__INFORMATION SHOWN__
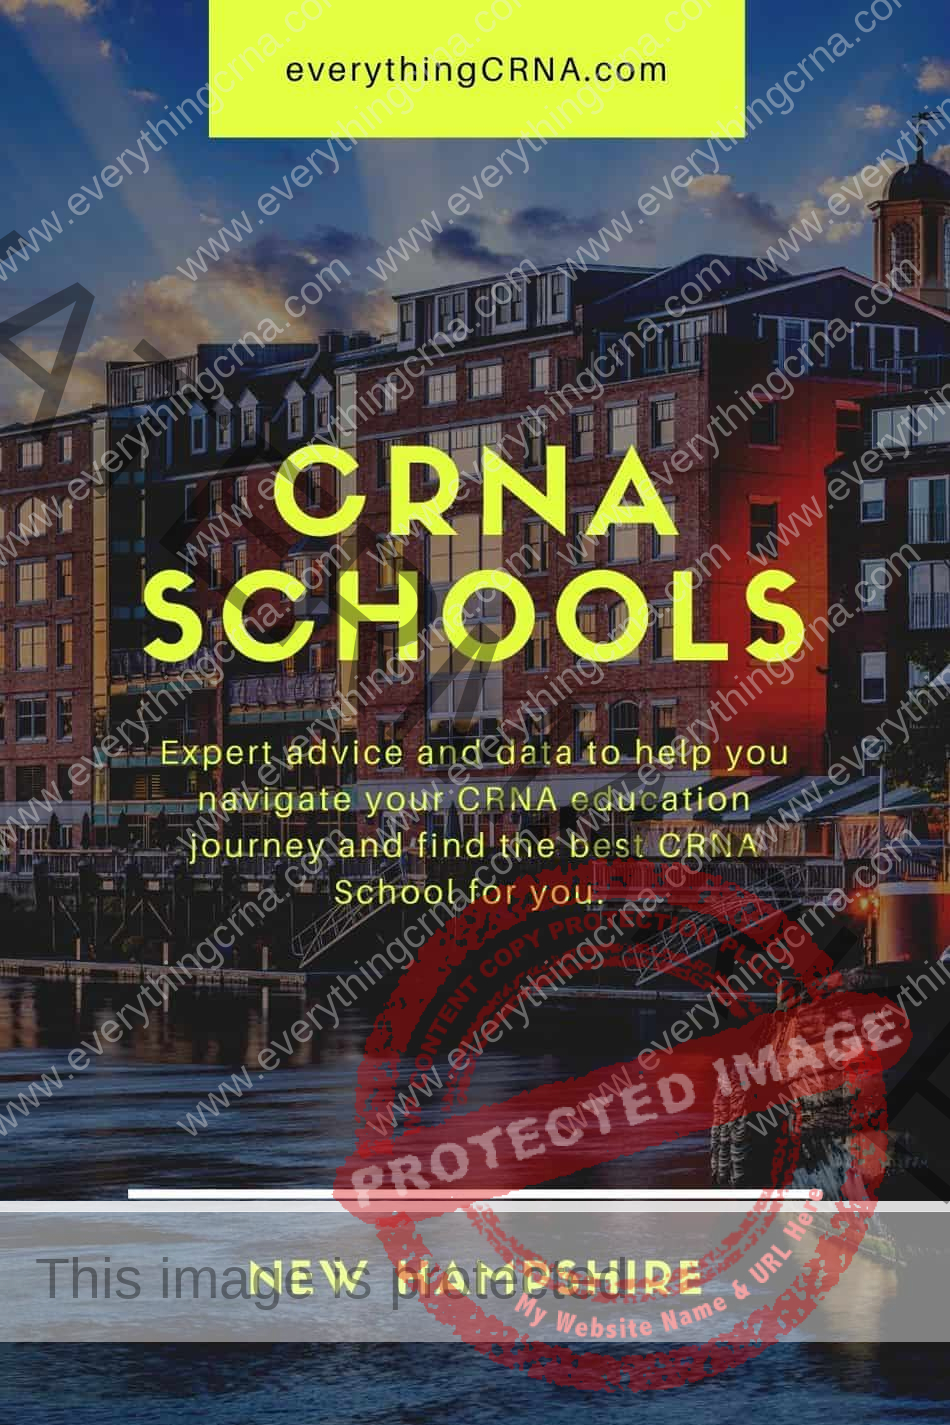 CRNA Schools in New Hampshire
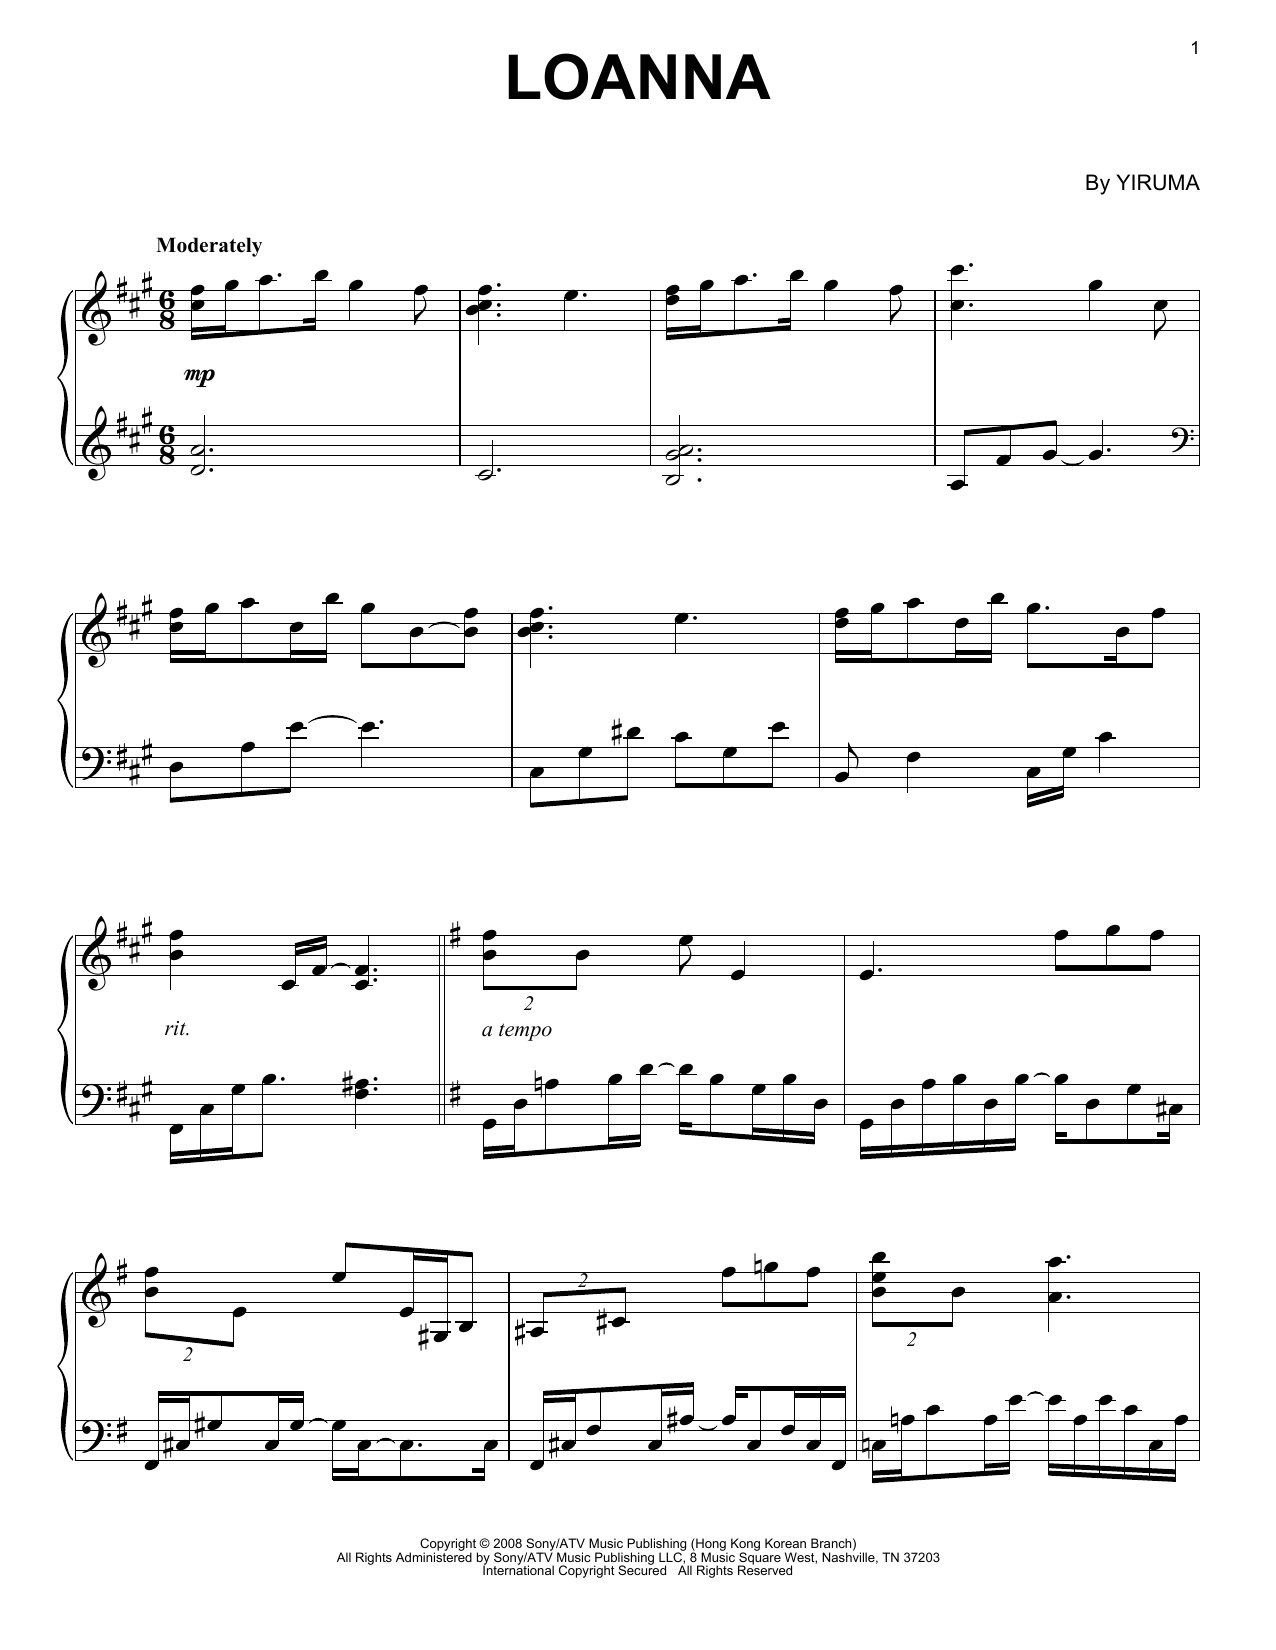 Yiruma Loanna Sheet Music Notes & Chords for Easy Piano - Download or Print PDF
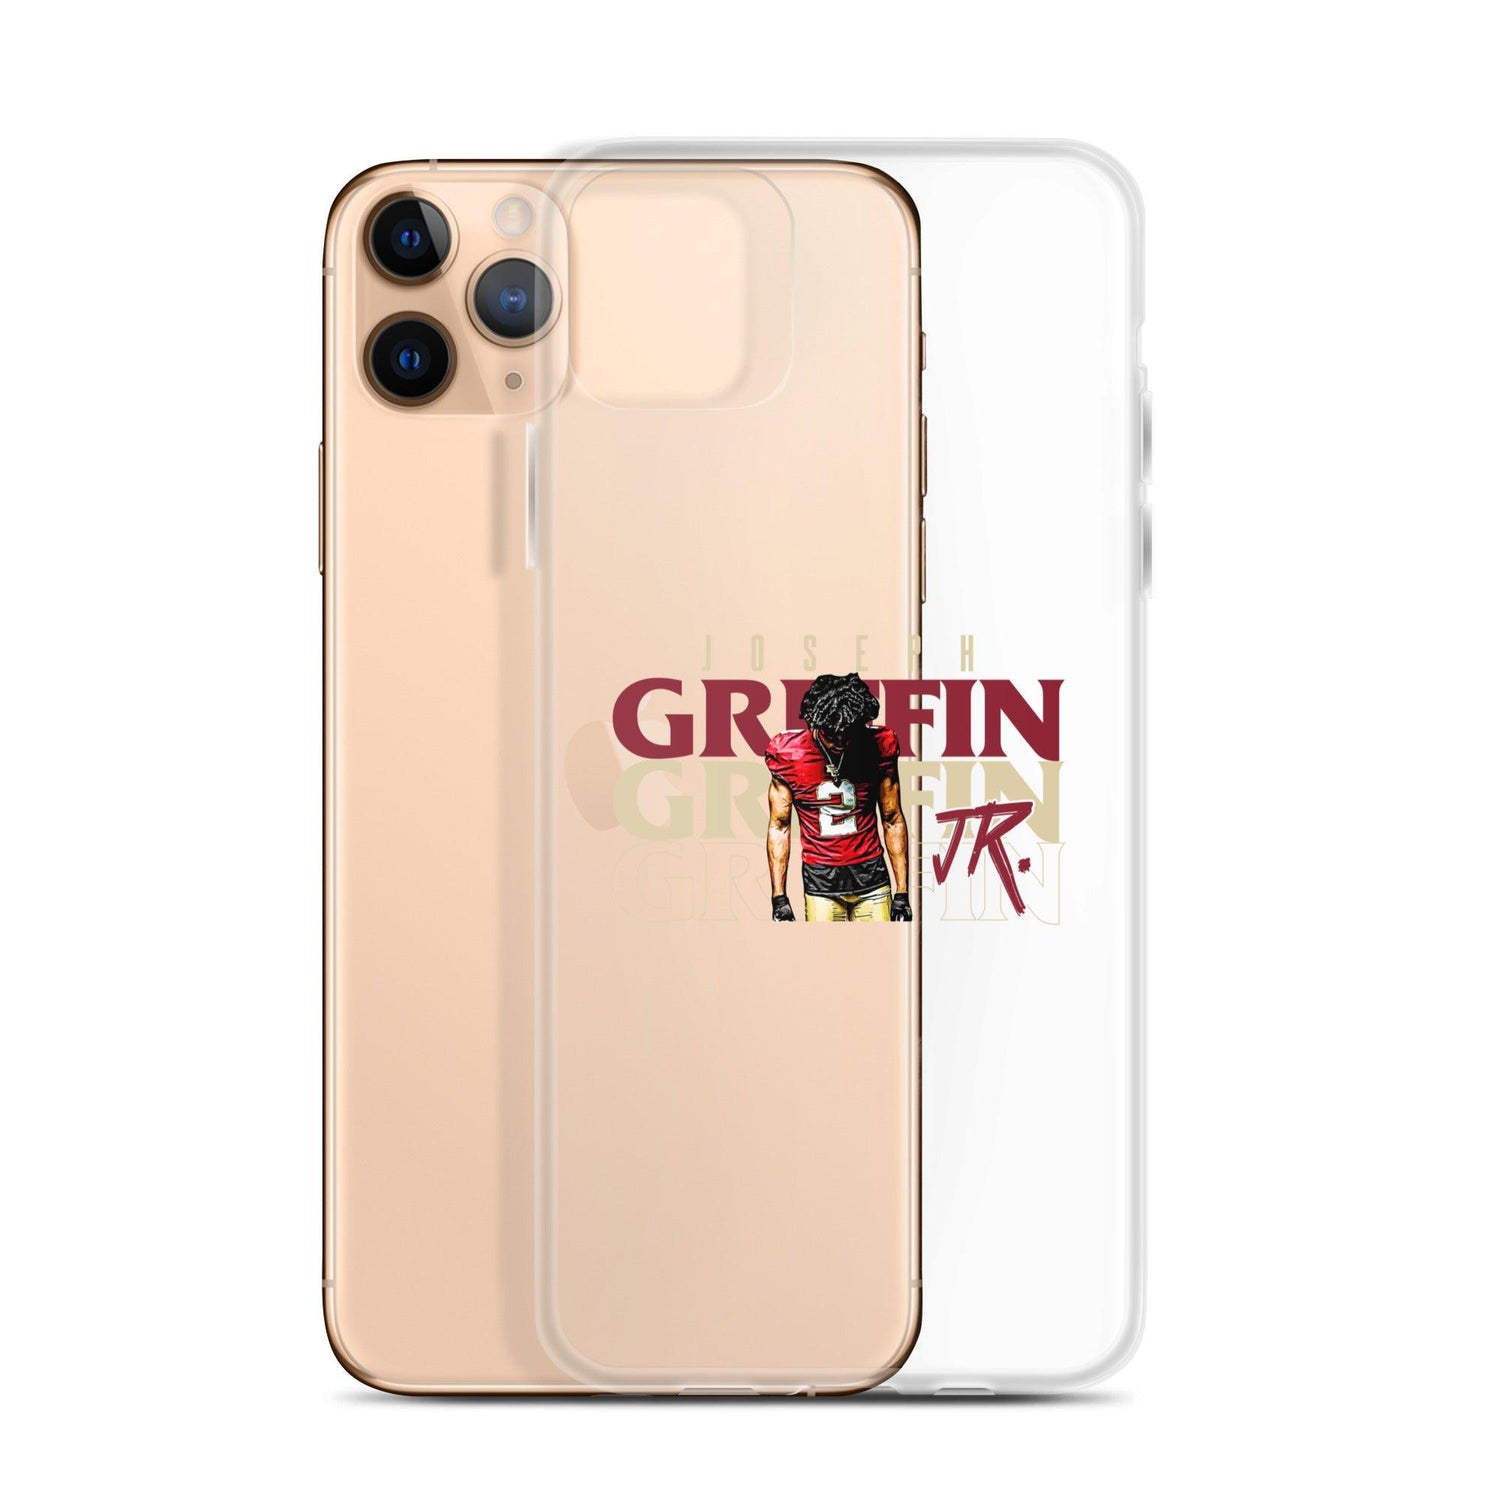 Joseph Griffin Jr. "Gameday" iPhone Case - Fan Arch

__WORK TASK__
Once the pictures are removed, copy the listing exactly.

__RESULT OF THE TASK__
 CRNA Schools in New Hampshire
 Yiruma Loanna Sheet Music Notes & Chords for Easy Piano - Download or Print PDF
 Joseph Griffin Jr. "Gameday" iPhone Case - Fan Arch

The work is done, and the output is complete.